Ahhh, Adorno. @psychicarts.com

pms laflame at mindspring.com
Tue Dec 29 05:59:03 PST 1998



> What is particularly noteworthy is the poverty
>of the materials from which such new perception has been fashioned; for the
>ear is the most archaic of the senses, and instrumental sounds are far more
>abstract and inexpressive than words or visual symbols. Yet in one of those
>paradoxical reversals that characterize the dialectical process, it is
>precisely this primitive, regressive starting point that determines the
>development of the most complex of the arts.
>
This writing is very clear, nicely done, bullshit. It only makes sense that music allows for complexity. Language is soooooo inadequete in expressing experience. It is openness to the primitive and regressive that allows us to appreciate the real truth of existence. And yes, I've always liked R.D. Laing.


>The fact that the production of so-called classical records has
>become a big business in the present day should not make us lose sight of
>the privileged relationship between the golden age of Western music and a
>Central Europe in which a significant proportion of the collectivity
>performed music and knew it from the inside, in a qualitatively different
>fashion from the passive consumers of our own time. In much the same way
>such a genre as the epistolary novel loses its very reason for being and
>its social as well as linguistic basis in a period when letter writing is
>no longer an important everyday activity and an institutionalized form of
>communication. So also certain types of lyric poetry vanish from cultures
>in which conversation and verbal expression are colorless and without life,
>lacking in any capacity for those twin forms of expansion which are
>eloquence or figuration.
>

This comes off like someone who doesn't realize that social and economic justice have a primary role in the change of musical audience. But that couldn't be true, could it?

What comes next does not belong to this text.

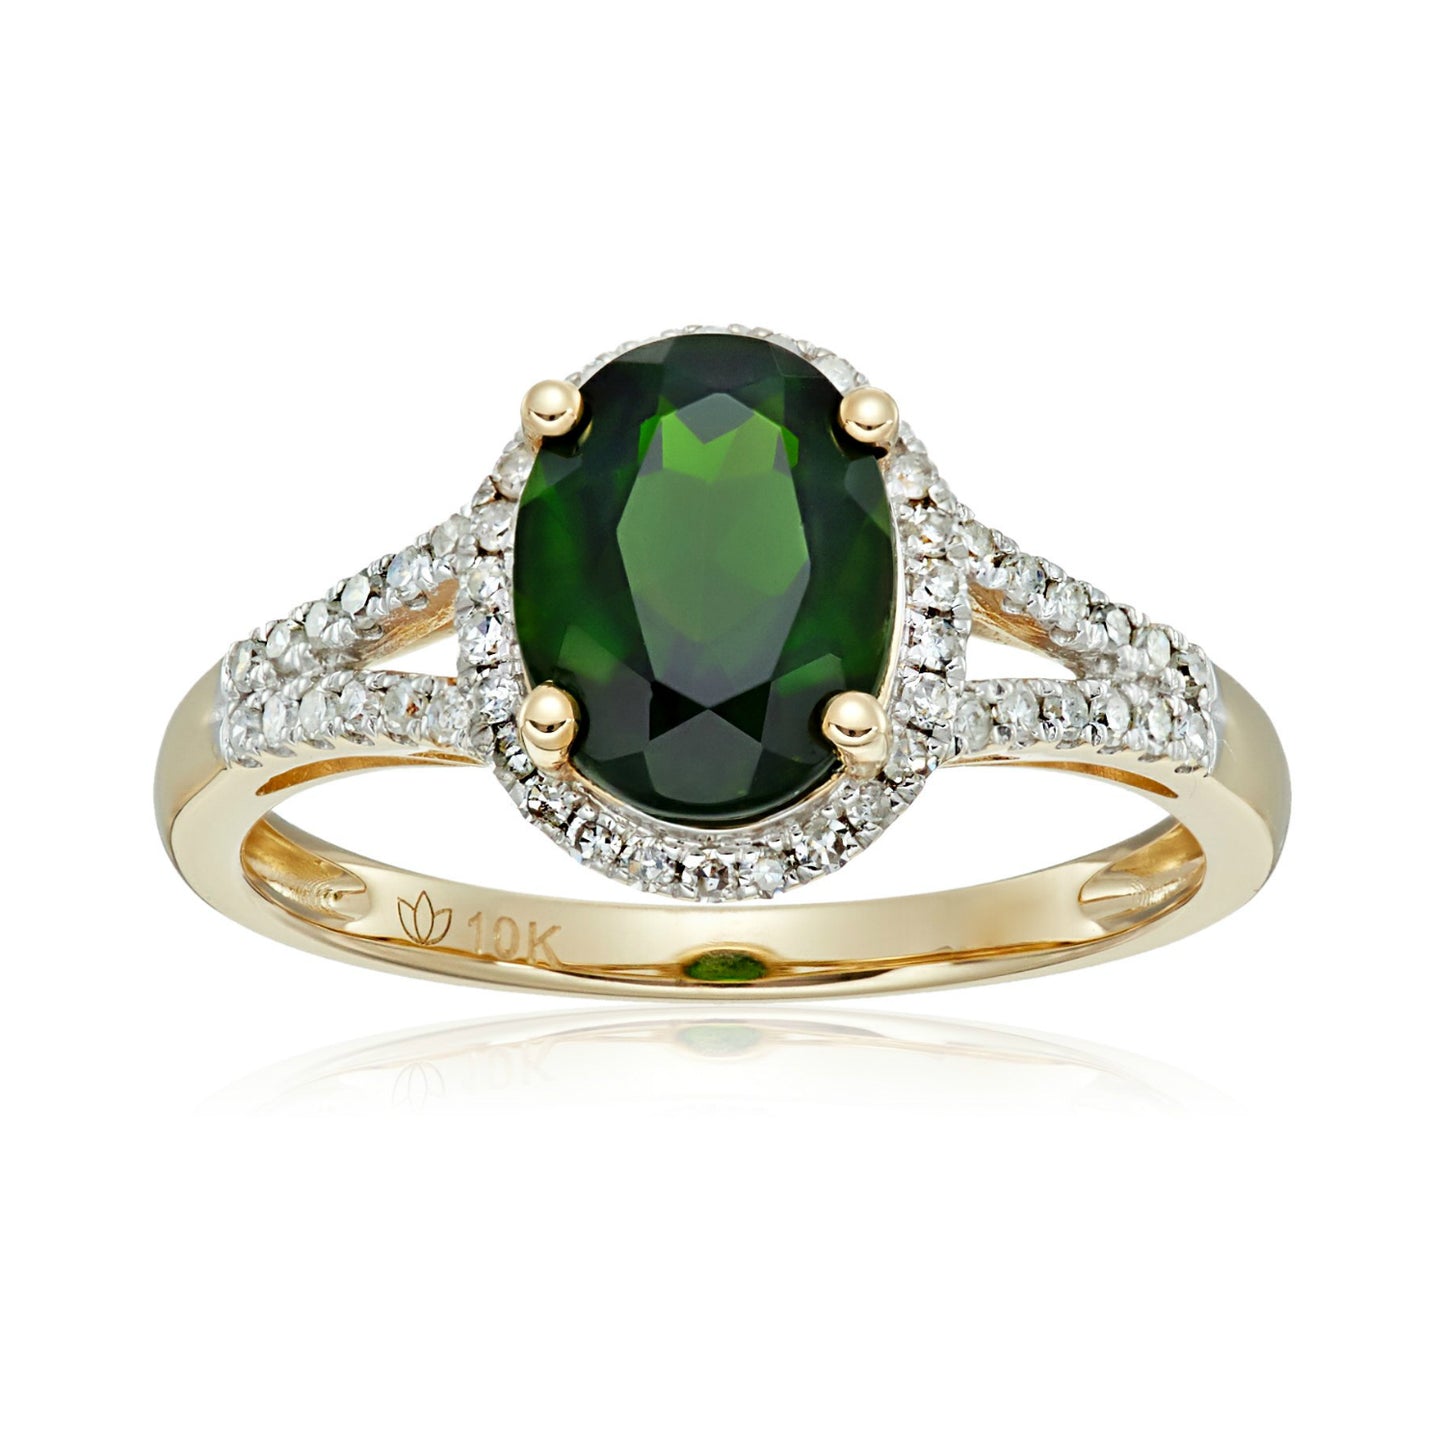 10k Yellow Gold Chrome Diopside and Diamond Oval Halo Engagement Ring (1/5cttw, H-I Color, I1-I2 Clarity), - pinctore

>So it is that Western music at the very outset marks itself off from the
>culture as a whole, reconstitutes itself as a selfcontained and autonomous
>sphere at distance from the everyday social life of the period and
>developing, as it were, parallel to it. Not only does music thereby acquire
>an internal history of its own, but it also begins to duplicate on a
>smaller scale all the structures and levels of the social and economic
>macrocosm itself, and displays its own internal dialectic, its own
>producers and consumers, its own infrastructure.
>

Jeez, what an imperialist snob. What about Sumo wrestling, that's a world in itself, as I'm sure many other eastern idioms were.


>weird" falsetto effects of
>Schoenberg), what happens to the violin is to be taken as a sign of the
>determination to express what crushes the individual, to pass from the
>sentimentalization of individual distress to a new, postindividualistic
>framework.
>

I gotta get some of this stuff! Sounds great.

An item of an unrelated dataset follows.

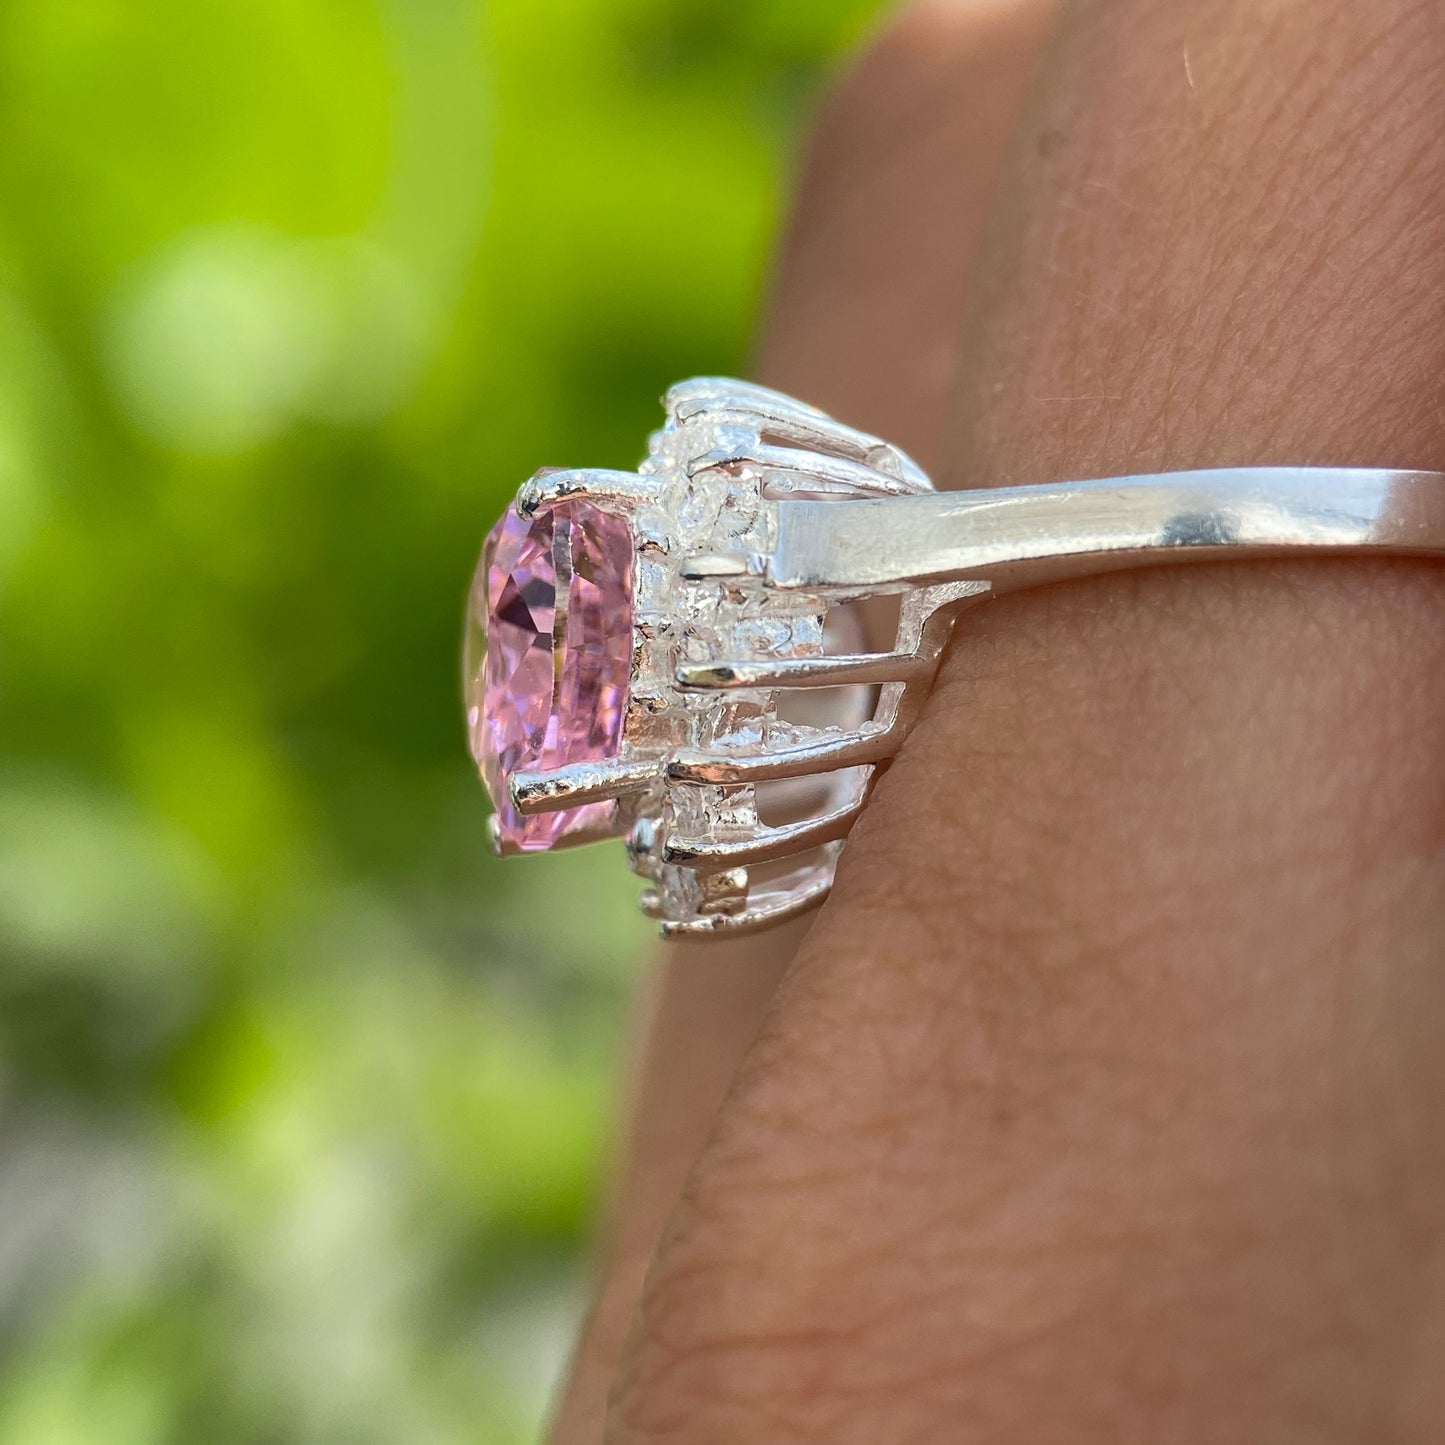 Serena Ring in Silver with Pink Zirconia Inspired by Sailor M.

>replaces the living warmth of the older instrument, which
>expressed life, where the newer one merely simulates it.
>
What a bunch of elitist crap. I've got a tuba solo on a Carla Bley album that almost makes ya cry.


>And if musical forms evolve in response to their public (church and salon
>music being little by little supplanted by middle-class spectator forms),
>
Almost sounds like he yearns for a time when the rabble didn't bother their betters.


>The Jameson quote is interesting. I'm not familiar with Jameson. Is this
>essay relatively recent? His comments on the nature of polyphony and monody,
>or rather his idea of what is "natural" and "unnatural" in each, would be
>hard to excuse if expressed in a time such as our own, in which it is really
>not TOO difficult to hear, say, classical Indian music. For, there is an
>example of music which is not polyphonic, yet manifests the same "concert"
>psychology that he attributes purely to the Western (European) polyphonic
>world. In short, these comments ignore the reality of music as it is, not to
>mention their apparent and too convetional cultural bias. You might do
>better examining this for yourself, rather than relying on Jameson's
>authority.
>
>Daniel

I think Jameson is trying to justify the difficulty of Adorno's writing here, by saying that you shouldn't question something without a privilaged position of exposure ie, you know all the background, and everything the author knows. Reminds me of the nuns I used to drive batty on Tues. afternoons.

You're right Doug, the writing is flawless, but the motives are suspect.